IF 5.2 3区 计算机科学 Q1 AUTOMATION & CONTROL SYSTEMS Pub Date : 2025-01-01
Pan Zhao, Julie Josse, Shu Yang

An individualized treatment regime (ITR) is a decision rule that assigns treatments based on patients' characteristics. The value function of an ITR is the expected outcome in a counterfactual world had this ITR been implemented. Recently, there has been increasing interest in combining heterogeneous data sources, such as leveraging the complementary features of randomized controlled trial (RCT) data and a large observational study (OS). Usually, a covariate shift exists between the source and target population, rendering the source-optimal ITR not optimal for the target population. We present an efficient and robust transfer learning framework for estimating the optimal ITR with right-censored survival data that generalizes well to the target population. The value function accommodates a broad class of functionals of survival distributions, including survival probabilities and restrictive mean survival times (RMSTs). We propose a doubly robust estimator of the value function, and the optimal ITR is learned by maximizing the value function within a pre-specified class of ITRs. We establish the cubic rate of convergence for the estimated parameter indexing the optimal ITR, and show that the proposed optimal value estimator is consistent and asymptotically normal even with flexible machine learning methods for nuisance parameter estimation. We evaluate the empirical performance of the proposed method by simulation studies and a real data application of sodium bicarbonate therapy for patients with severe metabolic acidaemia in the intensive care unit (ICU), combining a RCT and an observational study with heterogeneity.
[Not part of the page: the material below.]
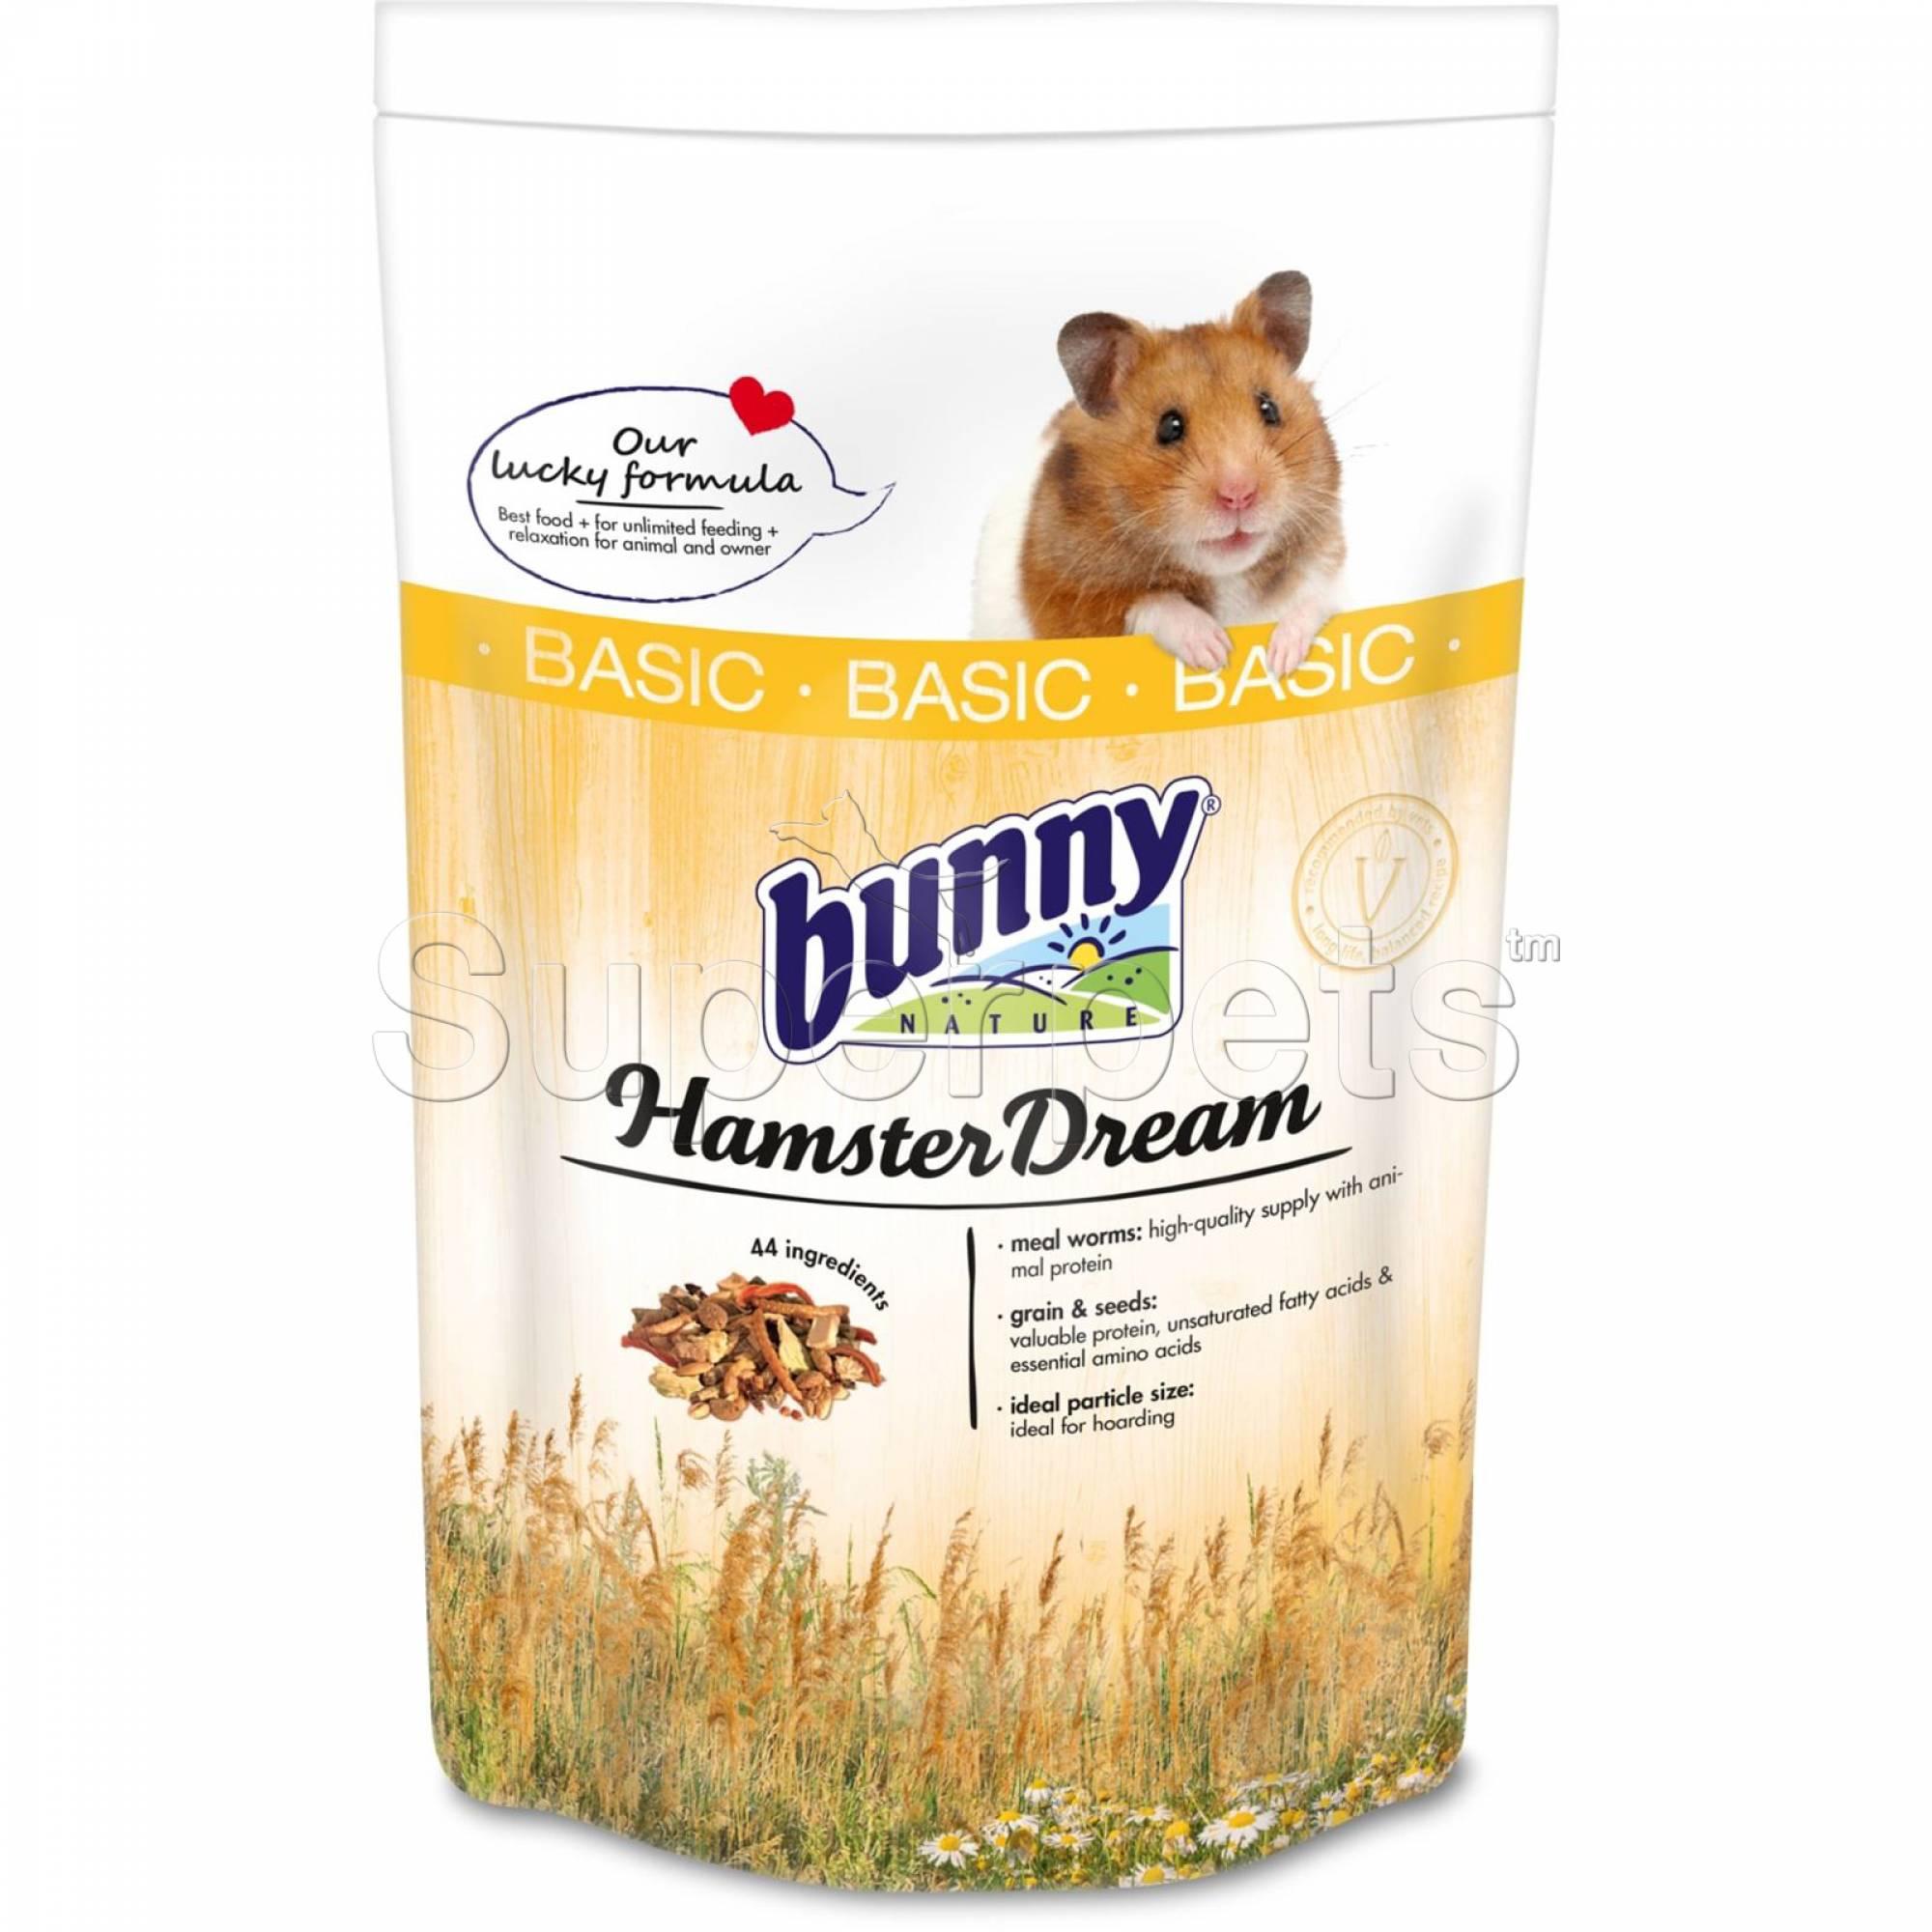 Bunny Nature Dwarf Hamster Dream Basic 600g (BN25921)
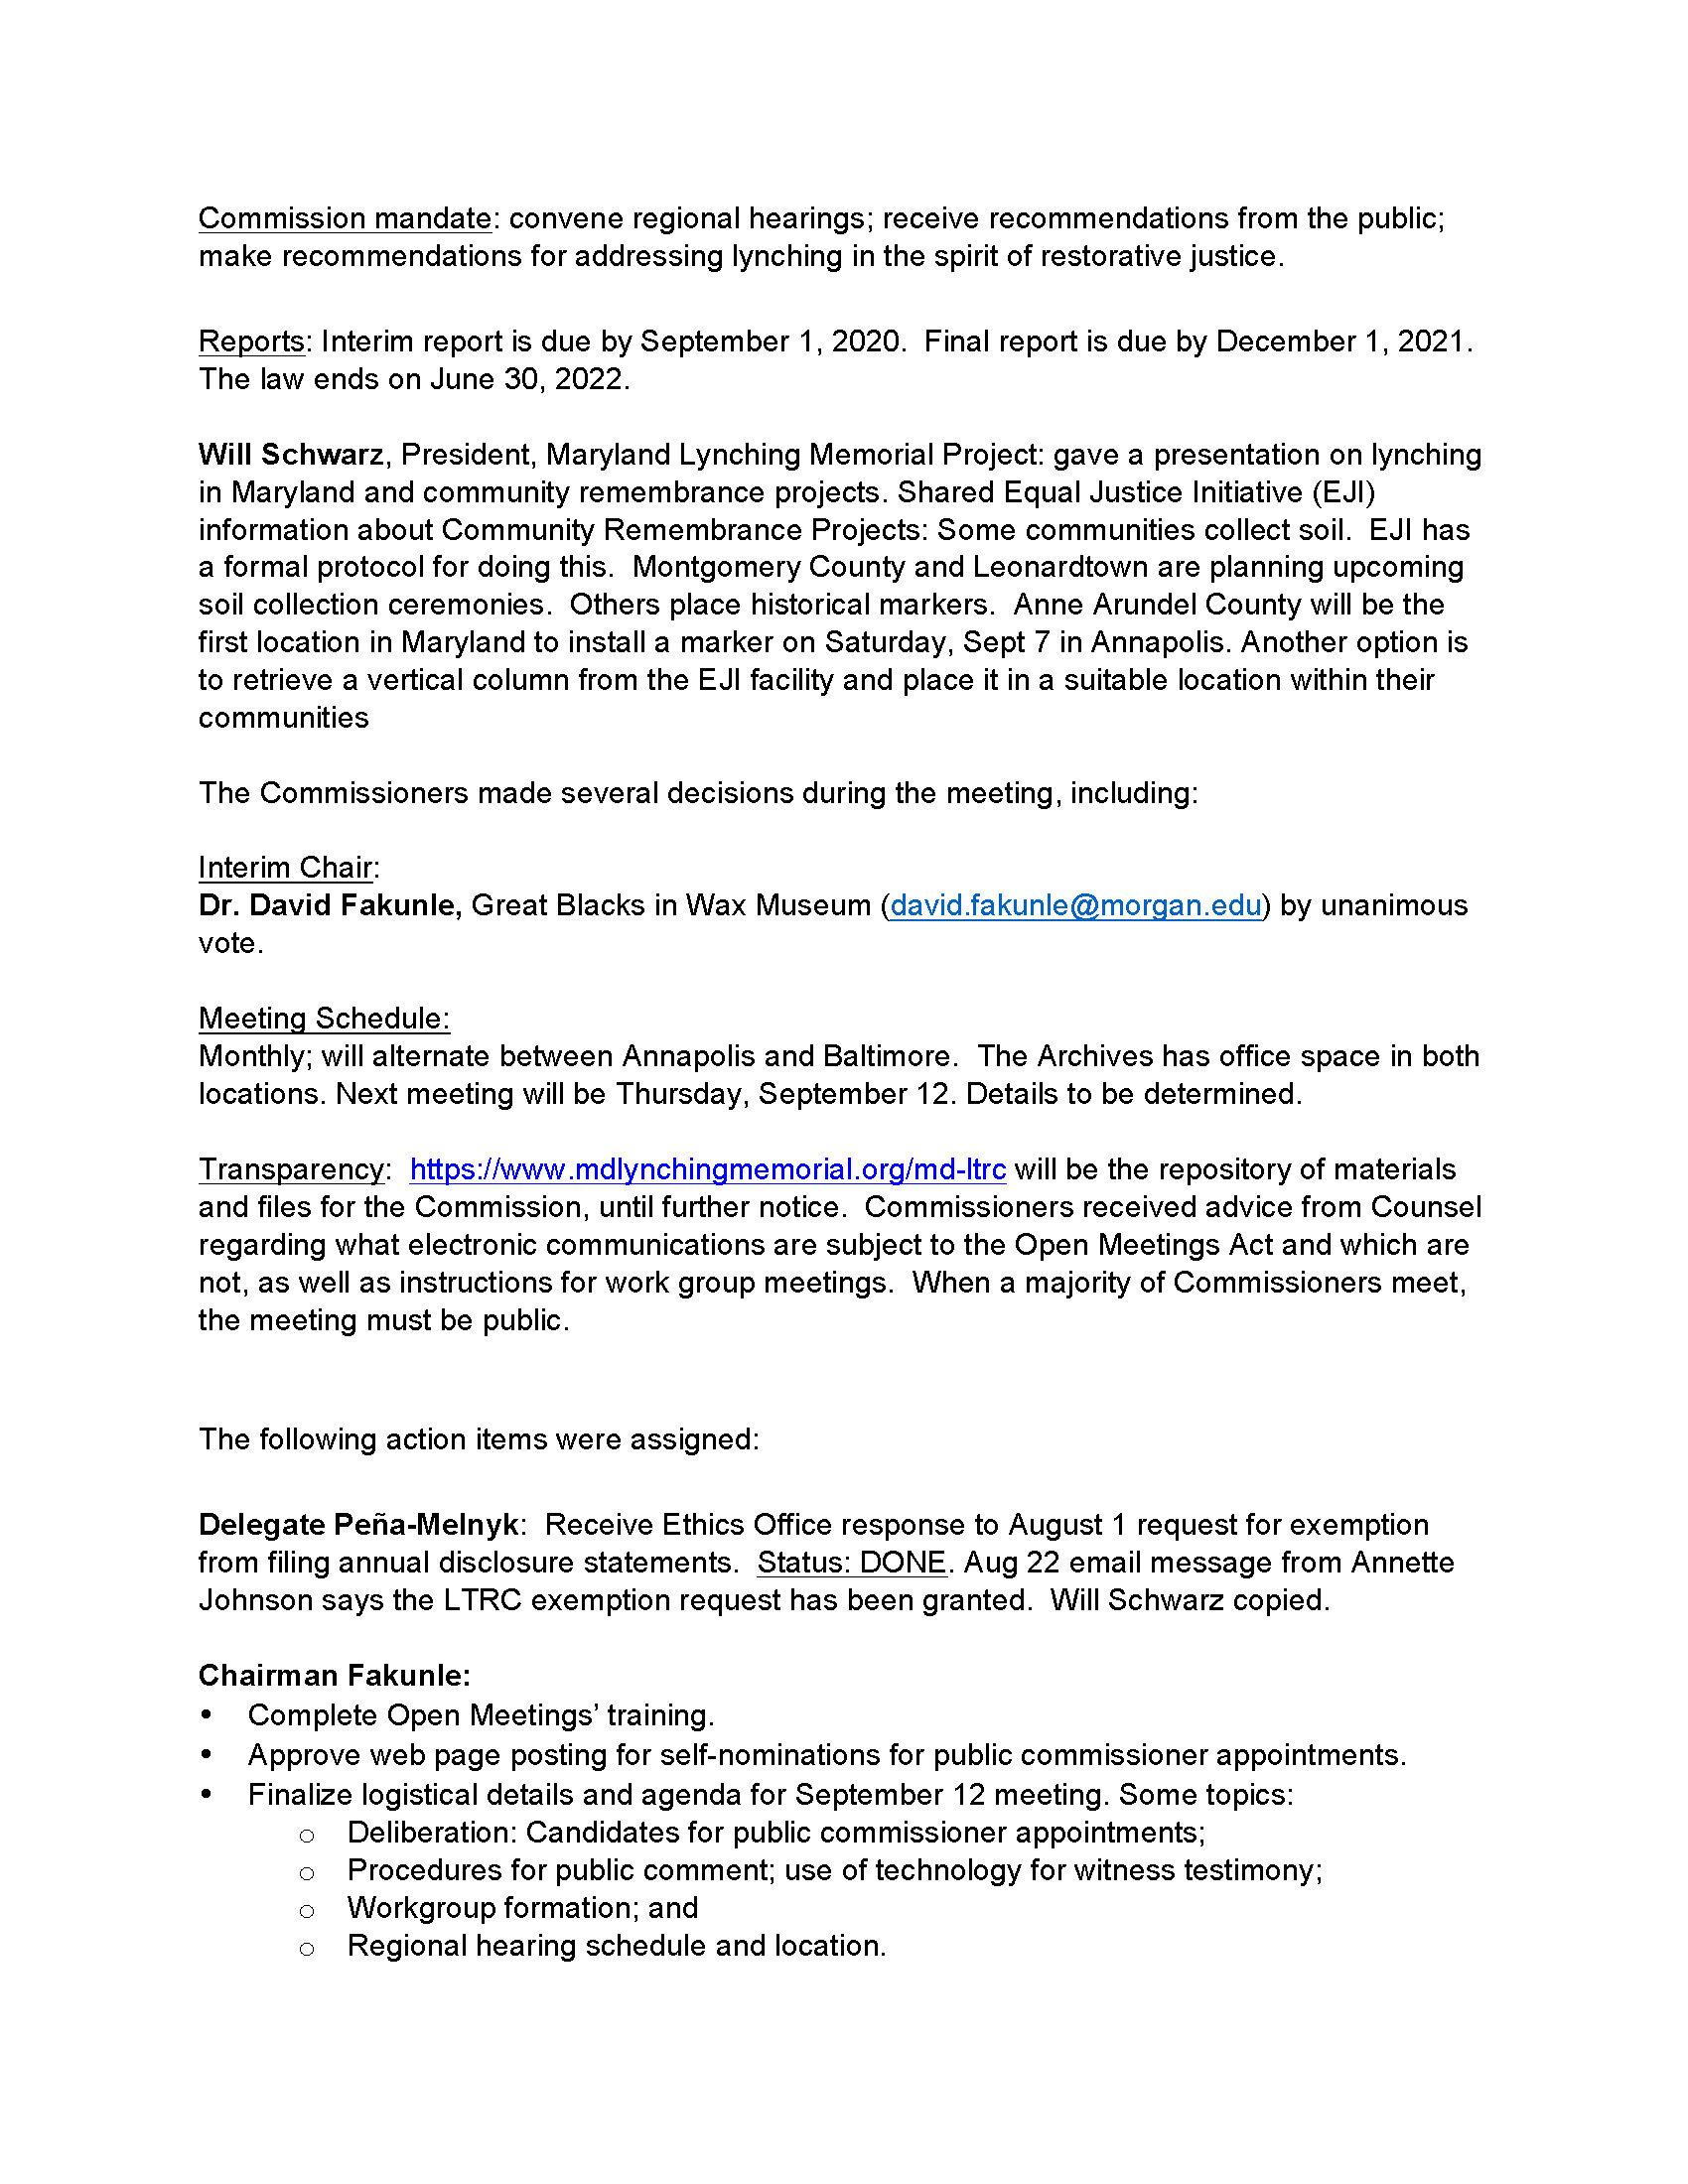 Meeting Minutes 8.07.19 FINAL_Page_2.jpg

个体化治疗方案(ITR)是一种根据患者特征分配治疗方案的决策规则。ITR的价值函数是在一个反事实的世界中,如果这个ITR被实施,预期的结果。最近,人们对结合异构数据源越来越感兴趣,例如利用随机对照试验(RCT)数据和大型观察性研究(OS)的互补特征。通常,源和目标群体之间存在协变量移位,使得源最优的ITR对目标群体来说不是最优的。我们提出了一个有效且稳健的迁移学习框架,用于估计具有右截除存活数据的最优ITR,该数据可以很好地推广到目标人群。价值函数容纳了生存分布的广泛函数,包括生存概率和限制性平均生存时间(rmst)。我们提出了价值函数的双鲁棒估计,并通过在预先指定的ITR类别中最大化价值函数来学习最优ITR。我们建立了最优ITR估计参数的三次收敛率,并证明了所提出的最优值估计量是一致的和渐近正态的,即使使用灵活的机器学习方法进行干扰参数估计。我们通过模拟研究和碳酸氢钠治疗重症监护病房(ICU)重症代谢性酸血症患者的实际数据应用,结合随机对照试验和异质性观察研究,评估了所提出方法的经验性能。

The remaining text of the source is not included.